Thread 2: status = VgTs_Runnable (lwpid 3075)
--11130:2:  stacks   no addressable segment for SP 0x700039C43E78

No hang with Louis Brunner's repo.

Comment 5 Paul Floyd 2025-12-01 20:57:39 UTC

DRD update. Now getting 21 fails.

11 contain

+parse DIE(readdwarf3.c:3026): confused by:
+ <0><b>: Abbrev Number: 1 (DW_TAG_compile_unit)
+     DW_AT_producer    : (indirect string, offset: 0x........): Apple LLVM version 10.0.0 (clang-1000.11.45.5)

circular_buffer seems to be generating false positives.

There are issues with recursive locks like

+drd: drd_rwlock.c:479 (void vgDrd_rwlock_post_wrlock(const Addr, const RwLockT, const Bool)): Assertion 'q->writer_nesting_count == 0' failed.

(4 tests)

The hold_lock tests are missing errors and pth_once has no summary.
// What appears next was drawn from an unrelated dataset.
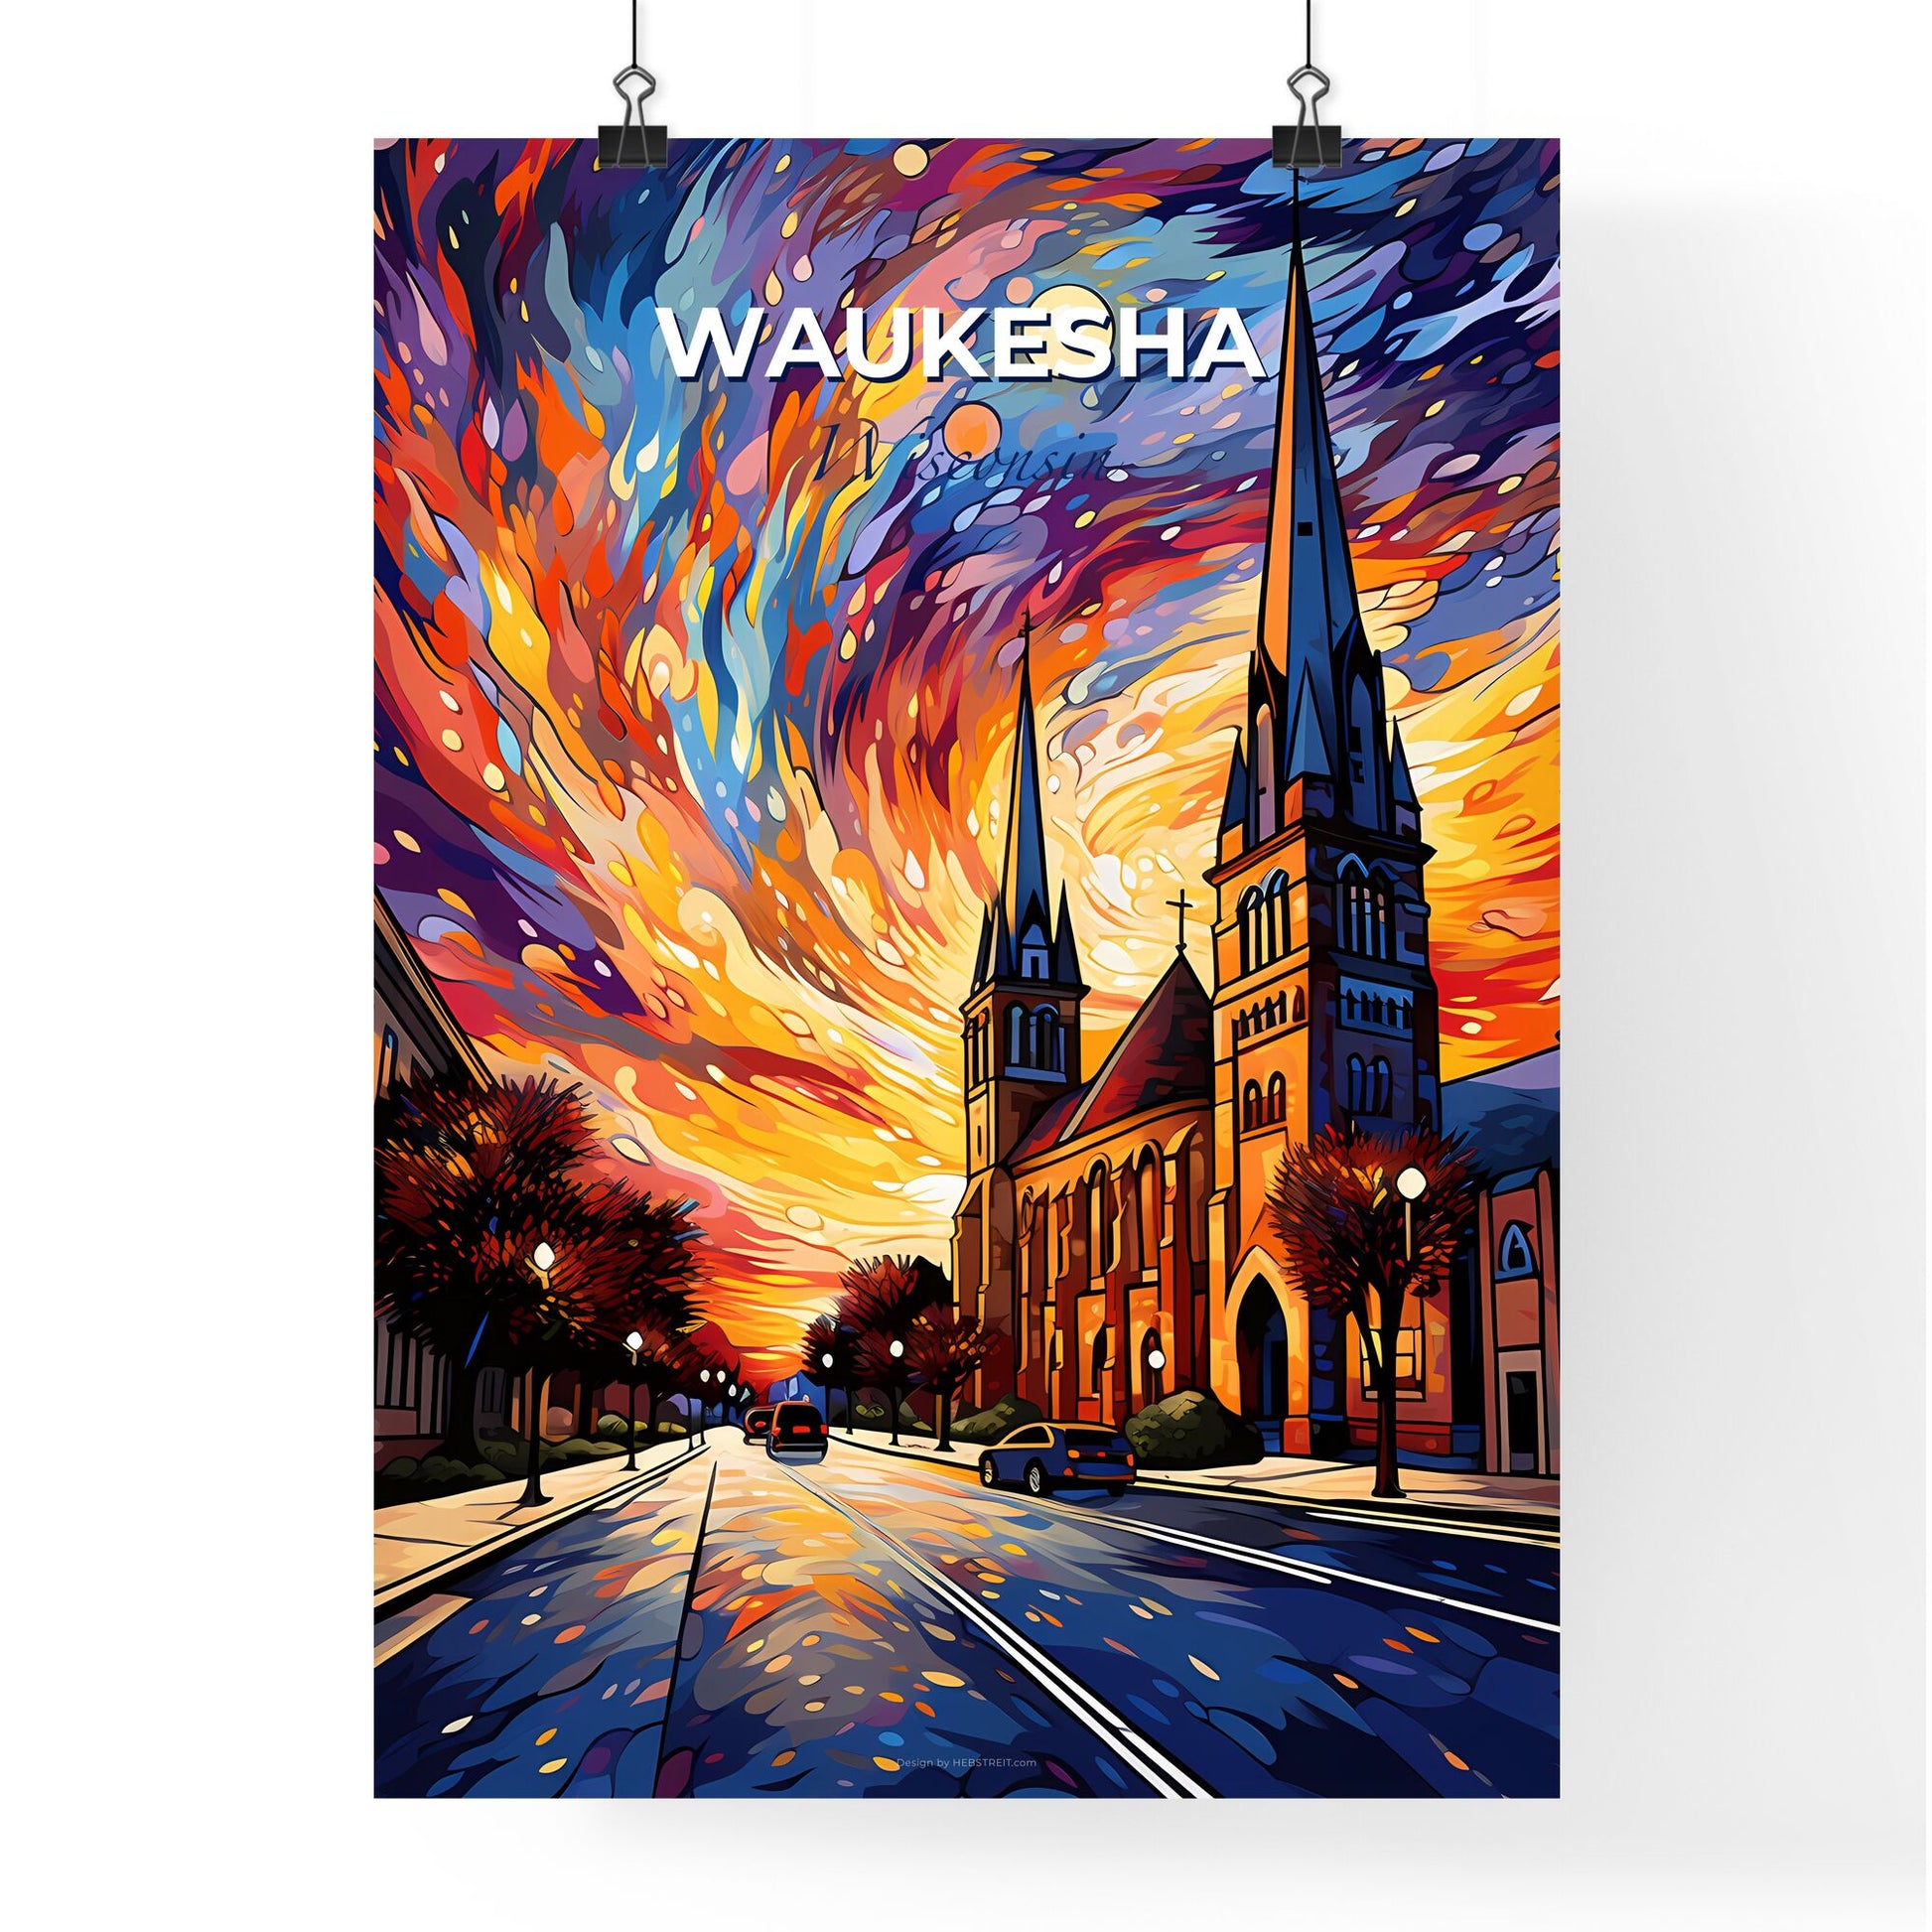 Waukesha, Wisconsin, A Poster of a colorful sky over a church Default Title
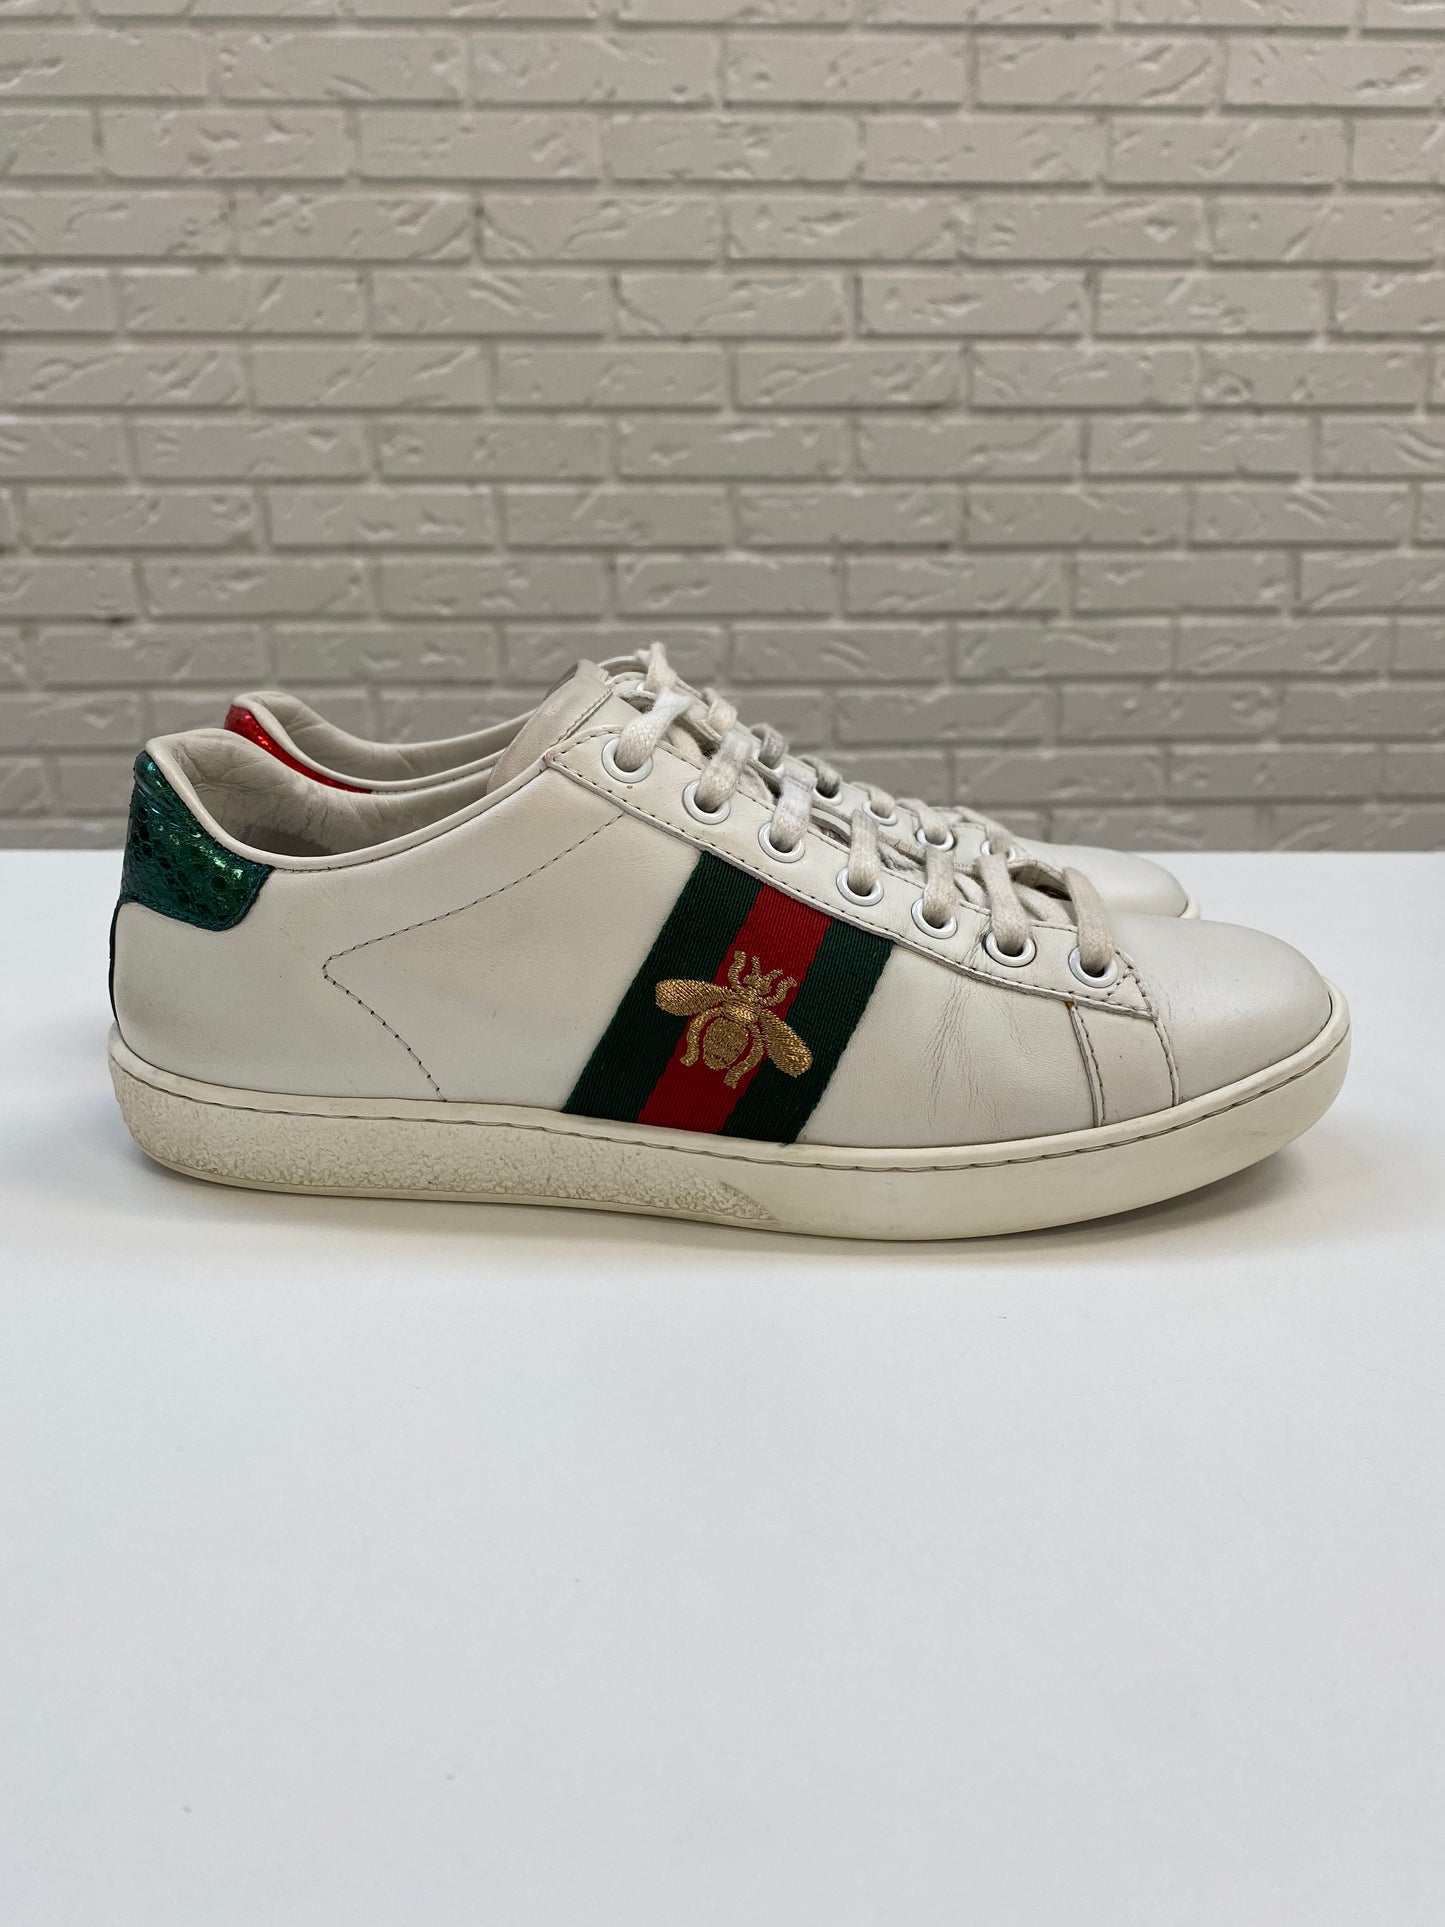 Gucci Ace “Bee” (36)

The two semaphore tests have issues.

Comment 6 Paul Floyd 2025-12-11 08:02:22 UTC

The pth_once test is failing with

drd: drd_load_store.c:382 (void instr_trace_mem_store(IRSB *const, IRExpr *const, IRExpr *, IRExpr *, IRExpr *const)): Assertion '!data_expr_hi || typeOfIRExpr(bb->tyenv, data_expr_hi) == Ity_I32' failed.